→ **Supplied material**
__________
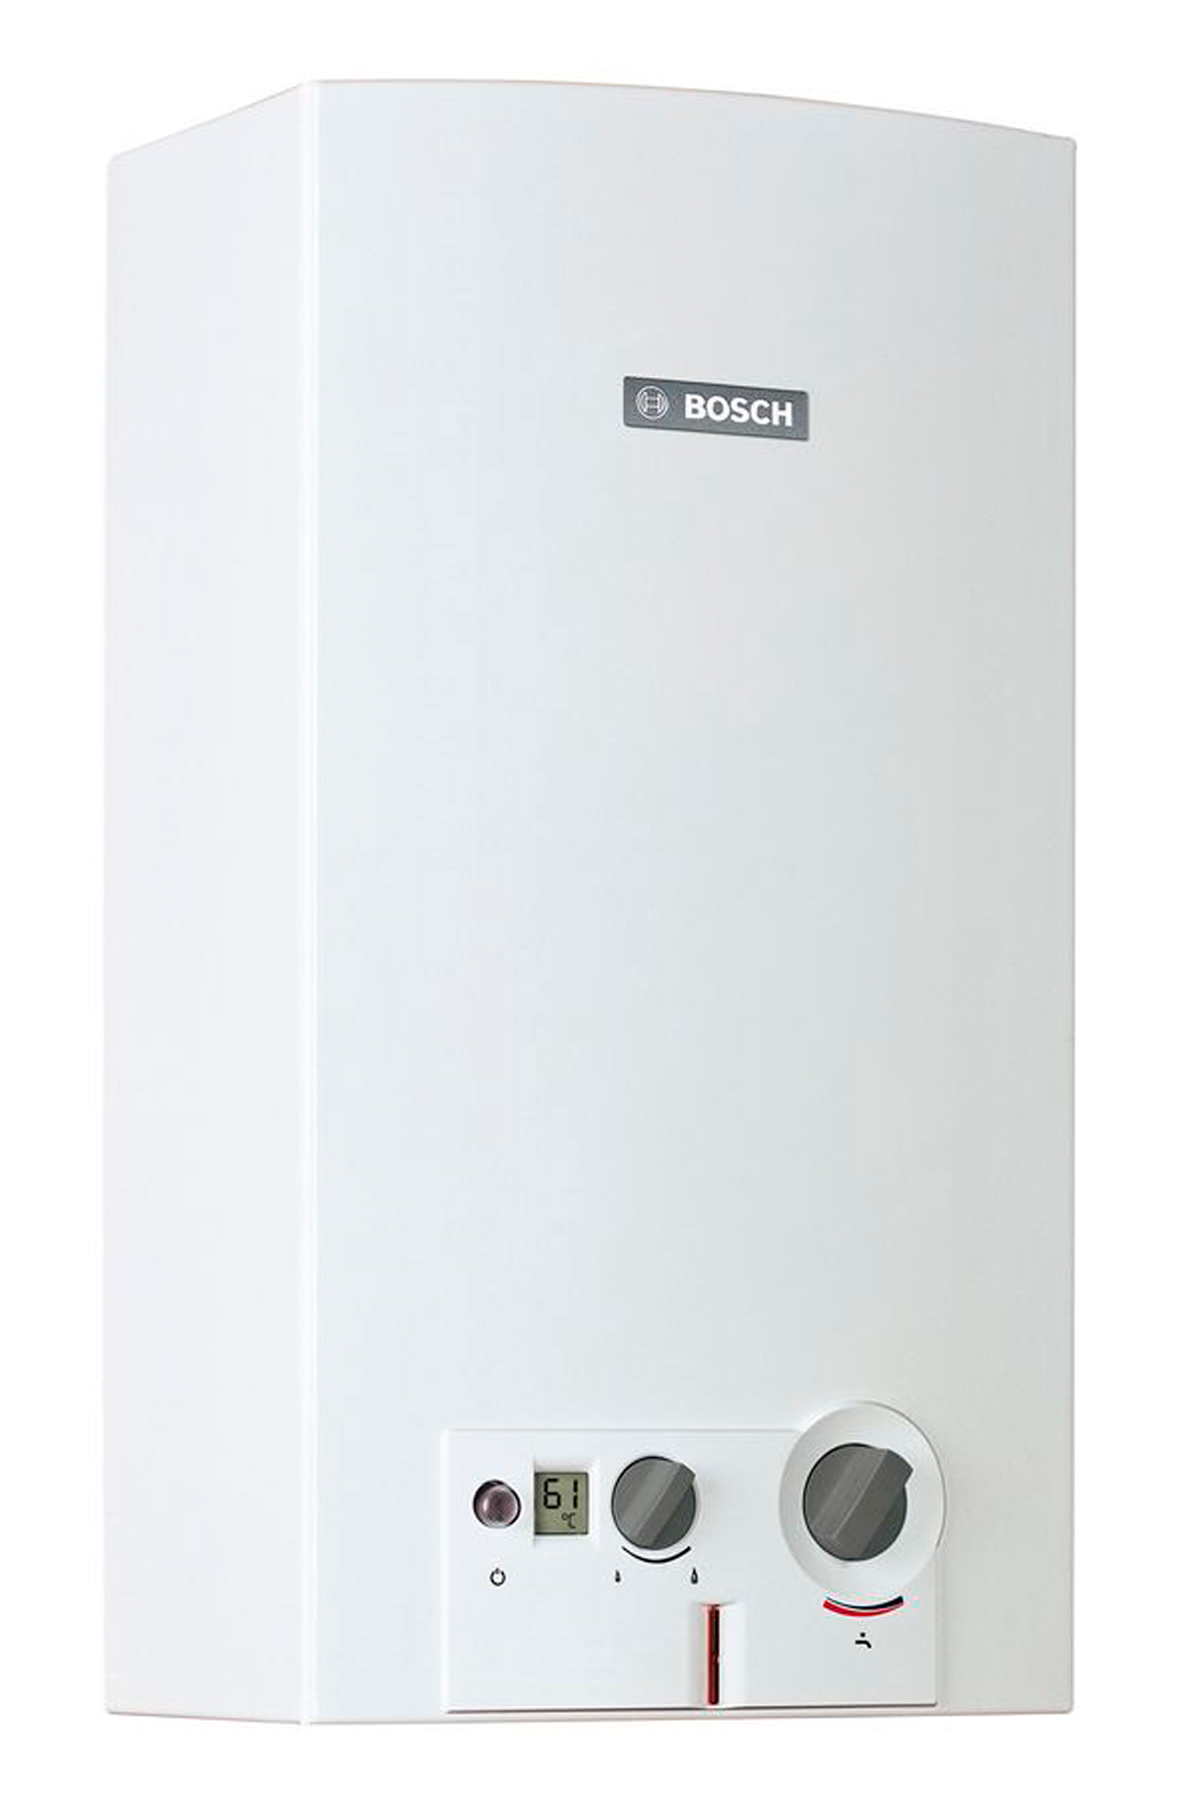 Купить газовая колонка с модуляцией пламени Bosch Therm 6000 O WRD 10-2 G (7701331616) в Киеве
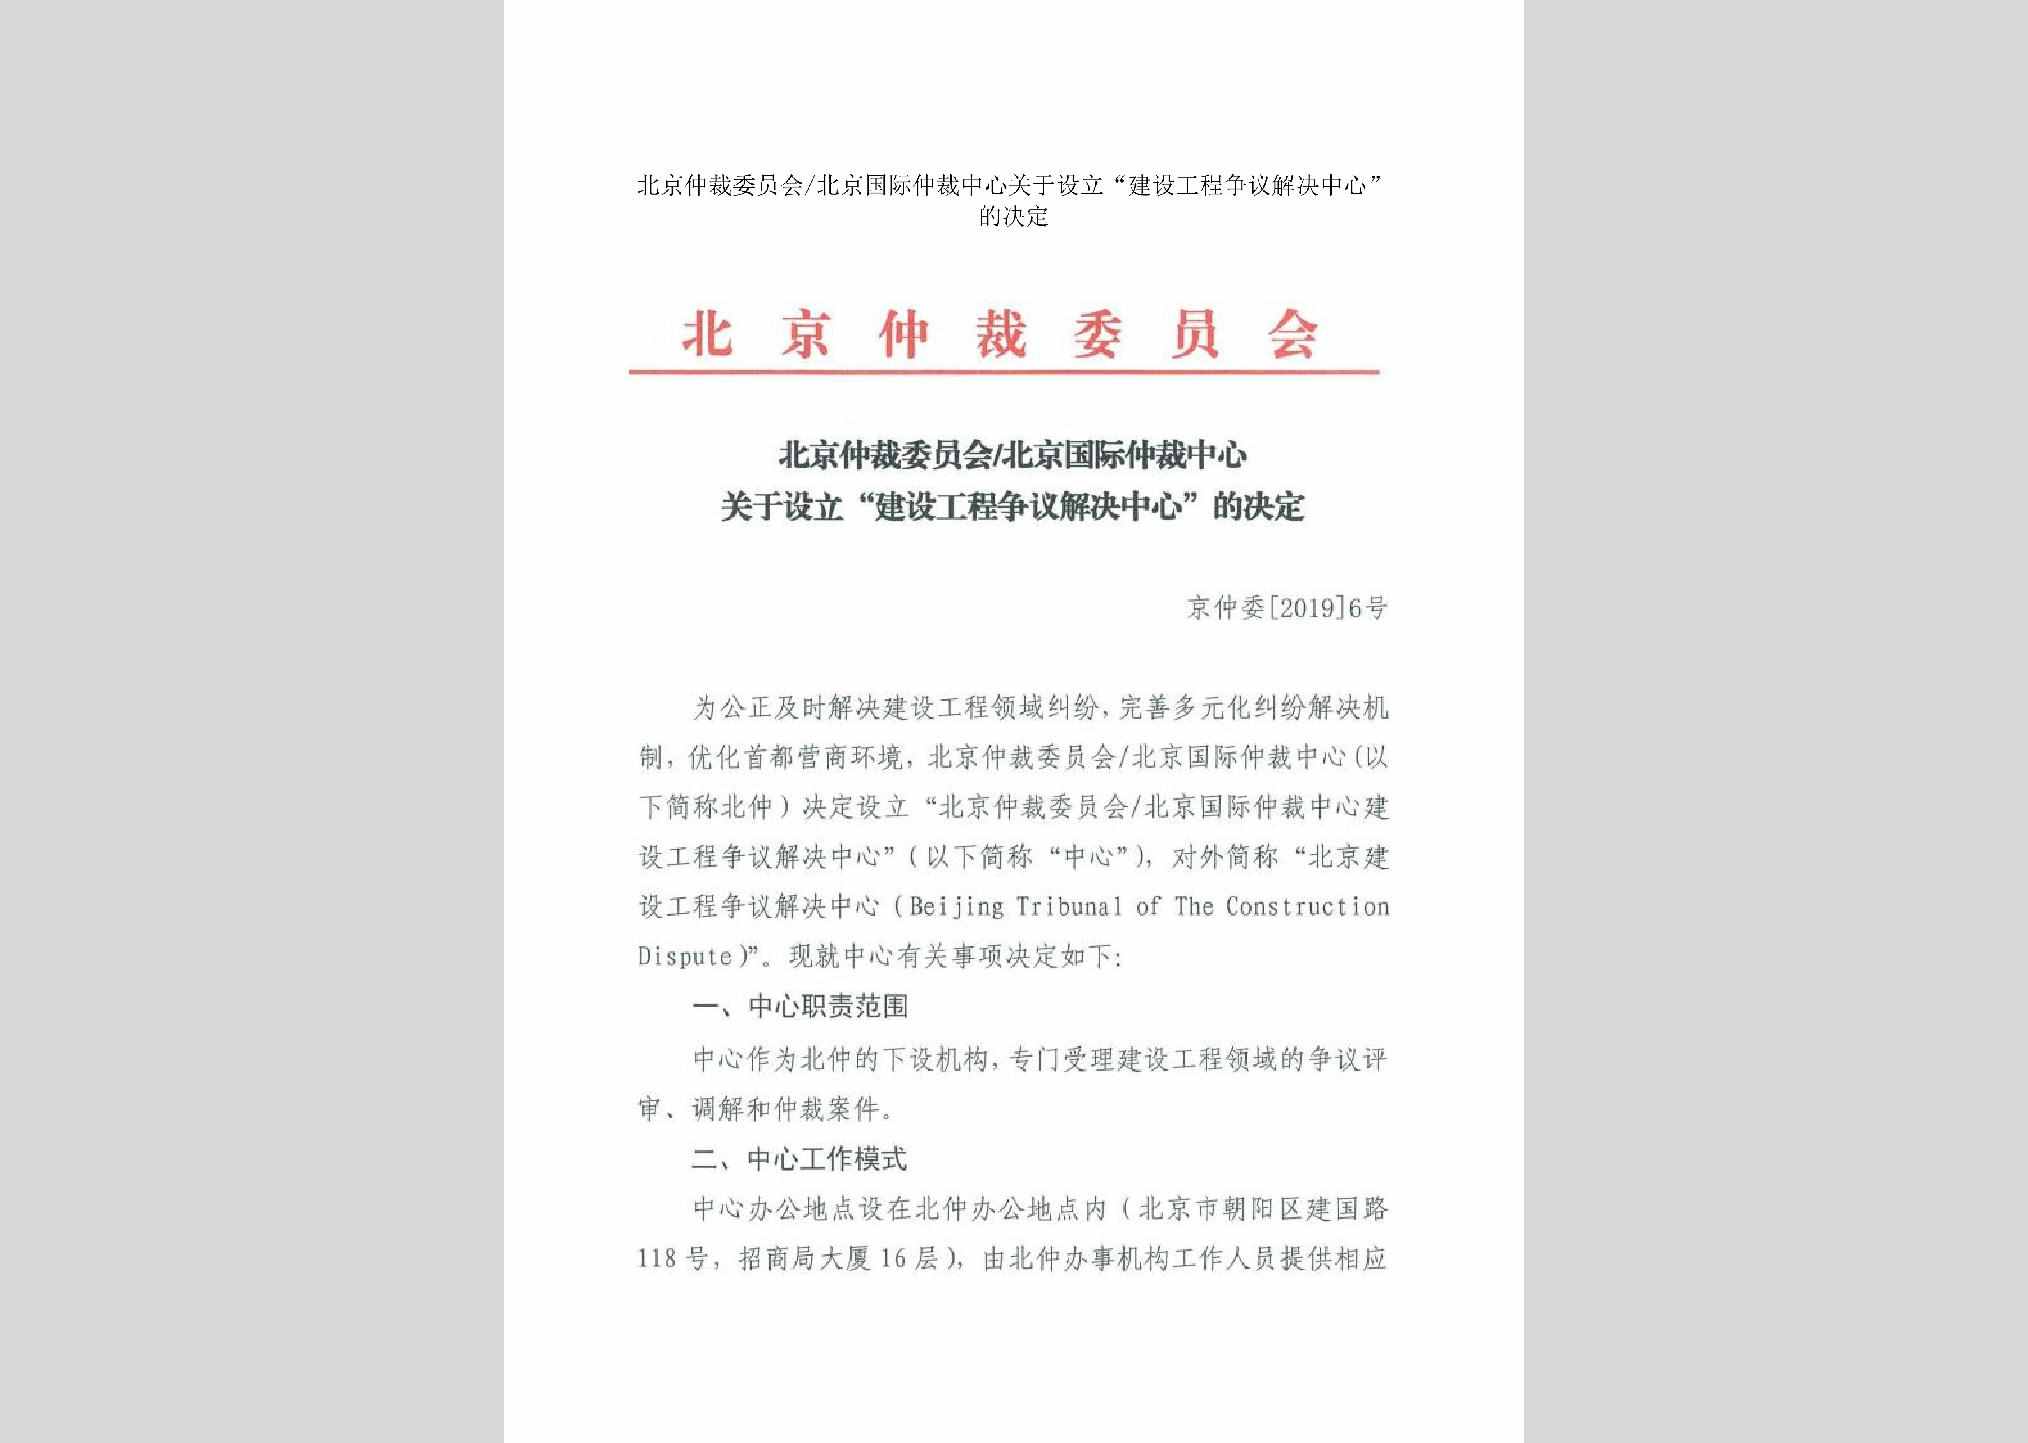 京仲委[2019]6号：北京仲裁委员会/北京国际仲裁中心关于设立“建设工程争议解决中心”的决定
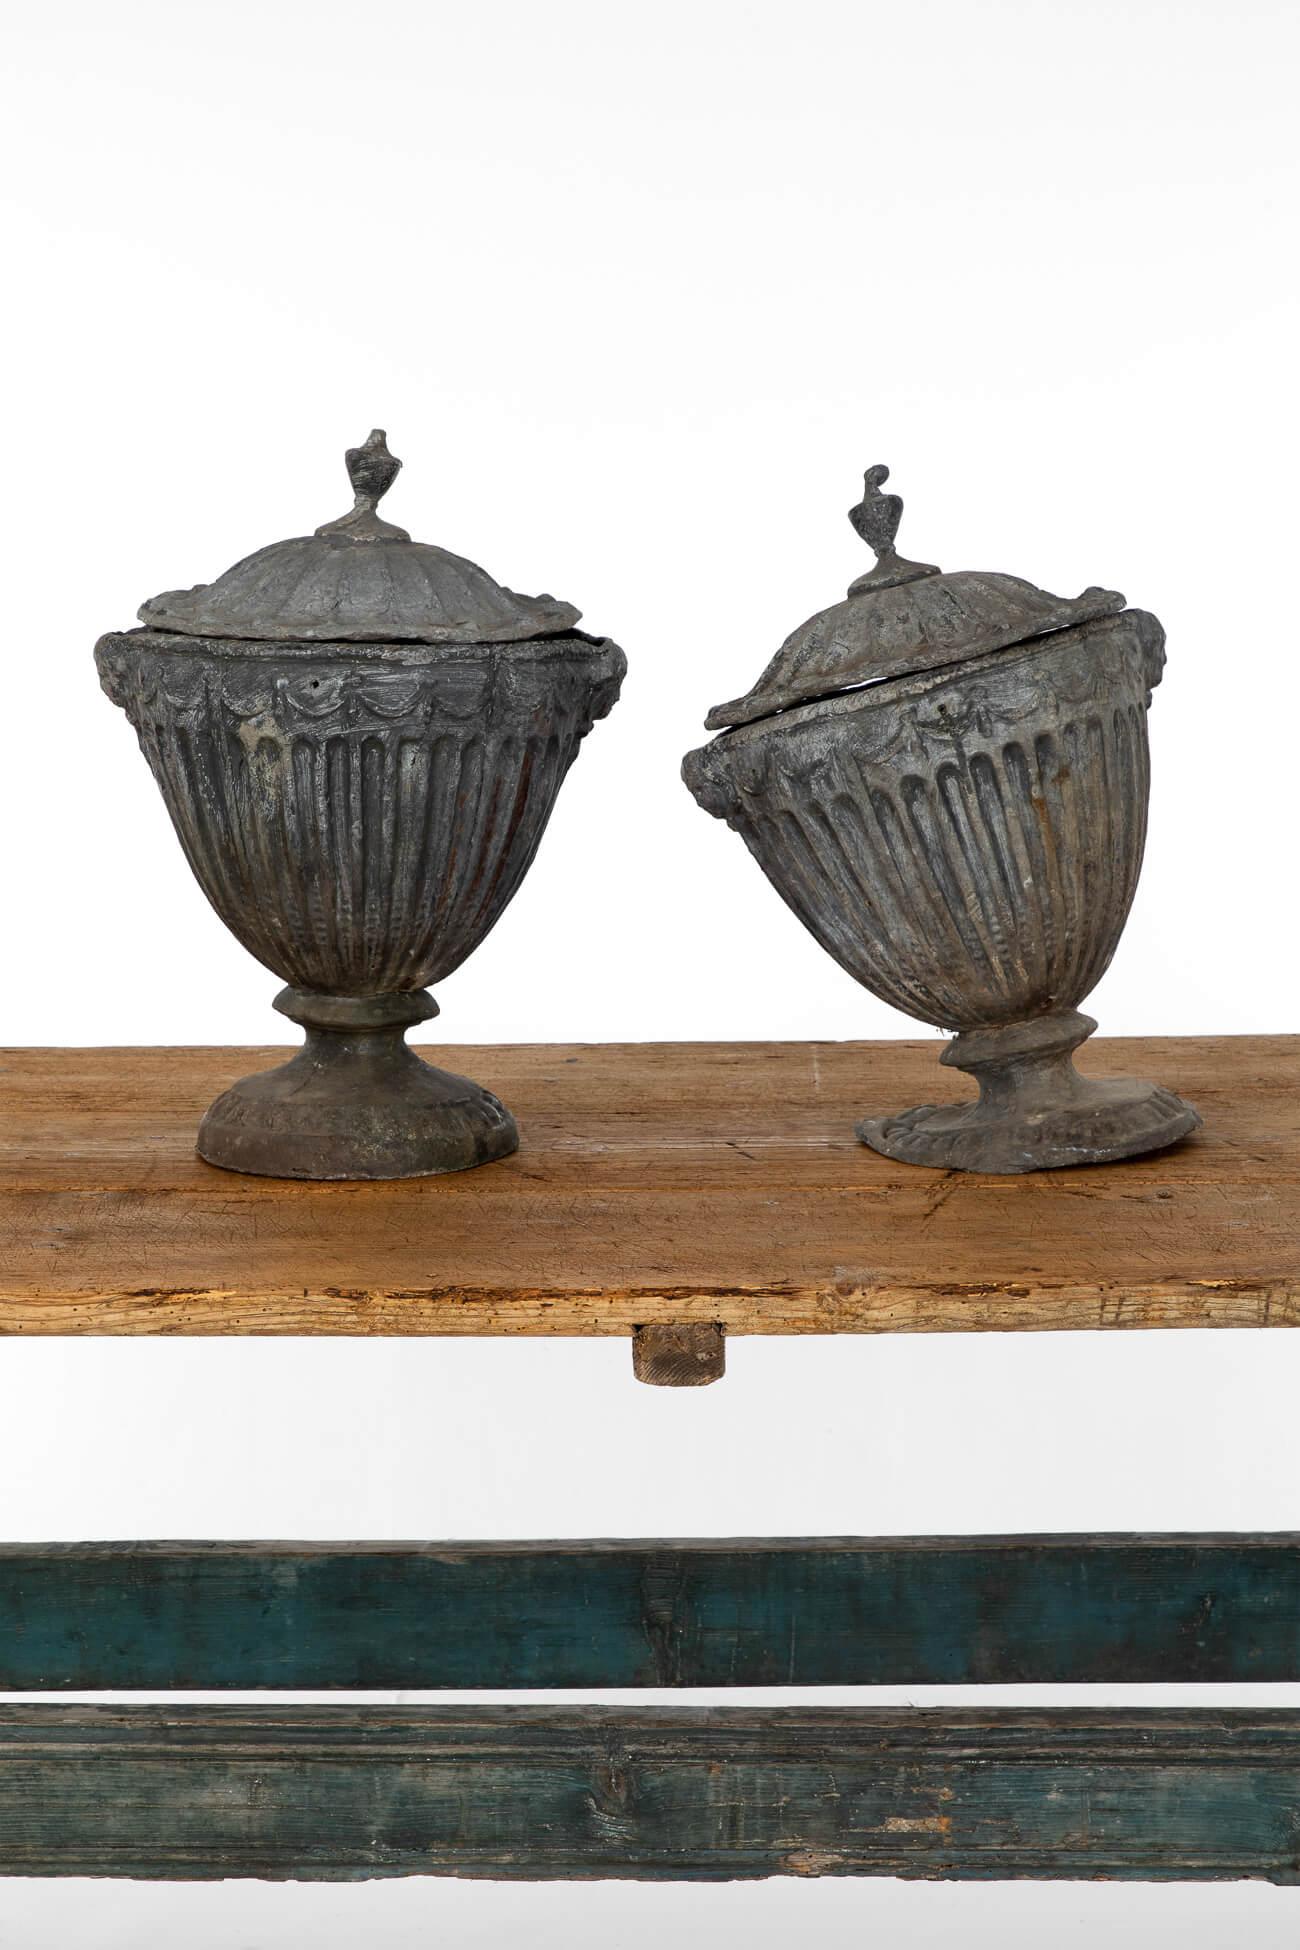 Une fabuleuse paire d'urnes en plomb d'après le design de l'architecte britannique géorgien Robert Adams.

De style néoclassique, les côtés et la base sont décorés de cannelures.

Les urnes sont lourdement lestées, conformément aux modèles originaux
__________
→ **To do**
Begin at the first line of the listing and print each line exactly. Stop after the line containing "De style néoclassique, les", and omit all pictures.

→ **Exercise solution**
 Купить газовая колонка с модуляцией пламени Bosch Therm 6000 O WRD 10-2 G (7701331616) в Киеве
 京仲委[2019]6号：北京仲裁委员会/北京国际仲裁中心关于设立“建设工程争议解决中心”的决定
 Une fabuleuse paire d'urnes en plomb d'après le design de l'architecte britannique géorgien Robert Adams.

De style néoclassique, les côtés et la base sont décorés de cannelures.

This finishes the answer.